Unsupervised Learning:k-means algorithm

Source: Internet
Author: User

K-means algorithm is one of the most popular and most used clustering algorithms at present.

K-means algorithm

If we want to divide the green points into two categories, first randomly select two cluster centroids ( the Cluster Center) and then iterate (loop) to do two things: Cluster assignment and move centroids (Figure 1)

cluster Assignment: then each sample in the training set, based on the cluster centroid that is near or blue from the red cluster centroid is recently allocated cluster. (Fig. 2)

move Centroids: then calculates the position of all the red dots as the new cluster centroid, and the position of all the blue points calculates the mean as the new cluster centroid. (Fig. 3)

Cluster Assignment: Re-distributes (depending on distance) The cluster of each sample according to the new cluster centroids (Figure 4)

Move Centroids: After reassigning the clusters, calculate the average of each cluster as the new cluster centroids. (Fig. 5)

We continue to iterate and find that the cluster centroids and assigned cluster no longer change, meaning that the K-means algorithm converges , that is, two cluster found in this data.
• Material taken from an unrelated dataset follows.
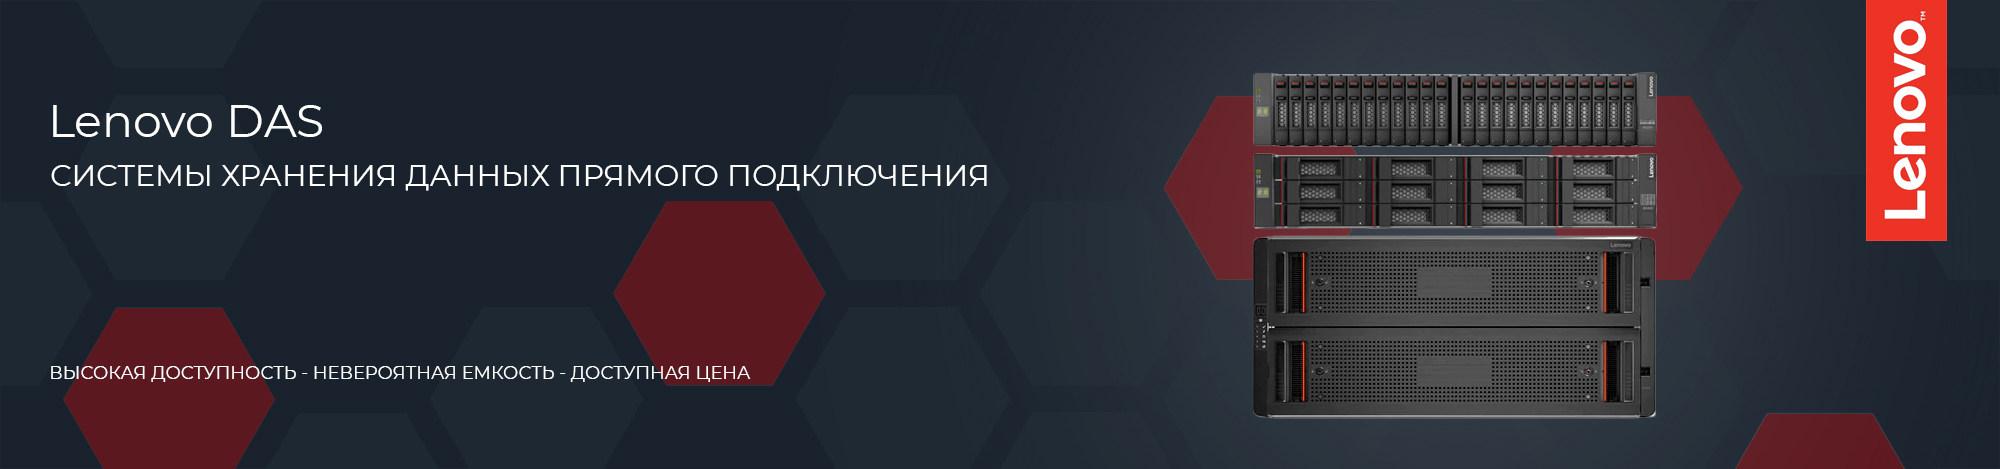 Системы-хранения-данных-с-прямым-подключением-Lenovo-DAS

This is the end of the work.

K-means algorithm formally

Input: K for we want to divide the dataset into K-clusters(we'll talk about how to choose Klater), now K is the number of cluster that the input is required to divide data into.

Training set ( no Y value , as unsupervised learning)

X (i) is n-dimensional, not n+1 , without adding x0=1

Cluster assignment step: for the first point in training data, calculate C (i) ( stain each sample ) as the nearest cluster centroid subscript value (1-k), Note that the K in the UK is lowercase, refers to the subscript of the centroid, Kcluster Centroids is capitalized, indicating that there are a total of k cluster. Usually we like to use the square of distance to find the minimum value.

Move centroid Step: recalculate the cluster centroid of each cluster (based on the average after staining)

What if a cluster centroid does not have a point assigned to it? Normally, we remove this cluster centroid, so we get K-1 clusters, and if it's a K-clusters, what do we do? The way is to find a cluster centroid. But it is more commonly used to remove this cluster centroid.

Application of K-means in clusters with no discernible distinction

The image on the left is the application of K-means on a dataset that is clearly divided into three clusters.

K-means can also be applied as shown in the figure on the right, and the dataset may appear to be indistinguishable from the obvious cluster . This is an example of a T-shirt size, such as you want to design three size (s,m,l) T-shirt, but do not know how big each size should be designed, then we will wear our T-shirt people's height and weight (these are the main factors affecting the size of T-shirt) to do a statistic, As shown in the diagram on the left, then apply the K-means algorithm to divide the data into three cluster, and then design the size of different sizes for each cluster individually. As an example of market segmentation , use K-means to divide my market into three parts, so that you can differentiate between three different groups of customers and better adapt to their different needs (such as s,m,l different size clothes)

Summarize

    1. Randomly selected cluster centroids (Cluster center)
    2. Cluster Assignment Step(staining) for each sample point
    3. Move centroid Step: recalculate the new cluster centroids (Cluster center) based on the results of the staining
    4. Repeat above 2, 3 steps until convergence (cluster centroids and staining results no longer change)

Unsupervised Learning:k-means algorithm

Contact Us

The content source of this page is from Internet, which doesn't represent Alibaba Cloud's opinion; products and services mentioned on that page don't have any relationship with Alibaba Cloud. If the content of the page makes you feel confusing, please write us an email, we will handle the problem within 5 days after receiving your email.

If you find any instances of plagiarism from the community, please send an email to: info-contact@alibabacloud.com and provide relevant evidence. A staff member will contact you within 5 working days.

A Free Trial That Lets You Build Big!

Start building with 50+ products and up to 12 months usage for Elastic Compute Service

  • Sales Support

    1 on 1 presale consultation

  • After-Sales Support

    24/7 Technical Support 6 Free Tickets per Quarter Faster Response

  • Alibaba Cloud offers highly flexible support services tailored to meet your exact needs.